Content starts

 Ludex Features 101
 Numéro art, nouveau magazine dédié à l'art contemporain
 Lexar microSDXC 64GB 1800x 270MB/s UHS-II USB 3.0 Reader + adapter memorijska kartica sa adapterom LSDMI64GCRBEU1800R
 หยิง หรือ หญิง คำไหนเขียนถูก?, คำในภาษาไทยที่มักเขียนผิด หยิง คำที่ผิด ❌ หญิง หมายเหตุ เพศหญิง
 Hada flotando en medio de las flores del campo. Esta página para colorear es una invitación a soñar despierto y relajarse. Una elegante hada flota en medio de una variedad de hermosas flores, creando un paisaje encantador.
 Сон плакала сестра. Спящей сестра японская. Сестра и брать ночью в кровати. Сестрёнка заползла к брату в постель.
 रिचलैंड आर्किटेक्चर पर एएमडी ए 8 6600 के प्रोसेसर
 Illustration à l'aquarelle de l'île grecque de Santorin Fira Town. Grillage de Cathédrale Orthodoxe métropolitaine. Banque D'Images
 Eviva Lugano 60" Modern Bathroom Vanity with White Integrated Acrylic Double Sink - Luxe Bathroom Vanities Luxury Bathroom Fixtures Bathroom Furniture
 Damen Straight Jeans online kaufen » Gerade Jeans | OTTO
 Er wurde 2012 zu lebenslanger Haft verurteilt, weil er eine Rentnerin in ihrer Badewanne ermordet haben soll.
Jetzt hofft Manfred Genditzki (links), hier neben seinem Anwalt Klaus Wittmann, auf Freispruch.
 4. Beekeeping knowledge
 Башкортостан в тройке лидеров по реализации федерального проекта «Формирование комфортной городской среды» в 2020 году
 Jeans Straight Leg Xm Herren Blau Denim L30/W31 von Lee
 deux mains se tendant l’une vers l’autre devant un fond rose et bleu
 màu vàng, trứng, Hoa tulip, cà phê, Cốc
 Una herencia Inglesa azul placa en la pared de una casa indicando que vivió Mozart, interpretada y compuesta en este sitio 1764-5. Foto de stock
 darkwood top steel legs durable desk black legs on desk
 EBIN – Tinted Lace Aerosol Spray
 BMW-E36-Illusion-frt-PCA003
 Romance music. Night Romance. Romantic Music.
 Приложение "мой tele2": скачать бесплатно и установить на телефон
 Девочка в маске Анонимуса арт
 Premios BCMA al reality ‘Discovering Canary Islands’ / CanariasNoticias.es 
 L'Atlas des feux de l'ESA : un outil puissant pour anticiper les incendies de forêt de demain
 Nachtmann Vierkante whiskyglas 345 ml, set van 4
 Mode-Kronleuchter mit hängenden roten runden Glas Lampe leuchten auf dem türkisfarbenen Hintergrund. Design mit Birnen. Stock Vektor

Content ends

_DESCRIPTION OF THE TASK_:
Using the material above, output each line exactly as it appears.

_OUTPUT BELOW_:
 Ludex Features 101
 Numéro art, nouveau magazine dédié à l'art contemporain
 Lexar microSDXC 64GB 1800x 270MB/s UHS-II USB 3.0 Reader + adapter memorijska kartica sa adapterom LSDMI64GCRBEU1800R
 หยิง หรือ หญิง คำไหนเขียนถูก?, คำในภาษาไทยที่มักเขียนผิด หยิง คำที่ผิด ❌ หญิง หมายเหตุ เพศหญิง
 Hada flotando en medio de las flores del campo. Esta página para colorear es una invitación a soñar despierto y relajarse. Una elegante hada flota en medio de una variedad de hermosas flores, creando un paisaje encantador.
 Сон плакала сестра. Спящей сестра японская. Сестра и брать ночью в кровати. Сестрёнка заползла к брату в постель.
 रिचलैंड आर्किटेक्चर पर एएमडी ए 8 6600 के प्रोसेसर
 Illustration à l'aquarelle de l'île grecque de Santorin Fira Town. Grillage de Cathédrale Orthodoxe métropolitaine. Banque D'Images
 Eviva Lugano 60" Modern Bathroom Vanity with White Integrated Acrylic Double Sink - Luxe Bathroom Vanities Luxury Bathroom Fixtures Bathroom Furniture
 Damen Straight Jeans online kaufen » Gerade Jeans | OTTO
 Er wurde 2012 zu lebenslanger Haft verurteilt, weil er eine Rentnerin in ihrer Badewanne ermordet haben soll.
Jetzt hofft Manfred Genditzki (links), hier neben seinem Anwalt Klaus Wittmann, auf Freispruch.
 4. Beekeeping knowledge
 Башкортостан в тройке лидеров по реализации федерального проекта «Формирование комфортной городской среды» в 2020 году
 Jeans Straight Leg Xm Herren Blau Denim L30/W31 von Lee
 deux mains se tendant l’une vers l’autre devant un fond rose et bleu
 màu vàng, trứng, Hoa tulip, cà phê, Cốc
 Una herencia Inglesa azul placa en la pared de una casa indicando que vivió Mozart, interpretada y compuesta en este sitio 1764-5. Foto de stock
 darkwood top steel legs durable desk black legs on desk
 EBIN – Tinted Lace Aerosol Spray
 BMW-E36-Illusion-frt-PCA003
 Romance music. Night Romance. Romantic Music.
 Приложение "мой tele2": скачать бесплатно и установить на телефон
 Девочка в маске Анонимуса арт
 Premios BCMA al reality ‘Discovering Canary Islands’ / CanariasNoticias.es 
 L'Atlas des feux de l'ESA : un outil puissant pour anticiper les incendies de forêt de demain
 Nachtmann Vierkante whiskyglas 345 ml, set van 4
 Mode-Kronleuchter mit hängenden roten runden Glas Lampe leuchten auf dem türkisfarbenen Hintergrund. Design mit Birnen. Stock Vektor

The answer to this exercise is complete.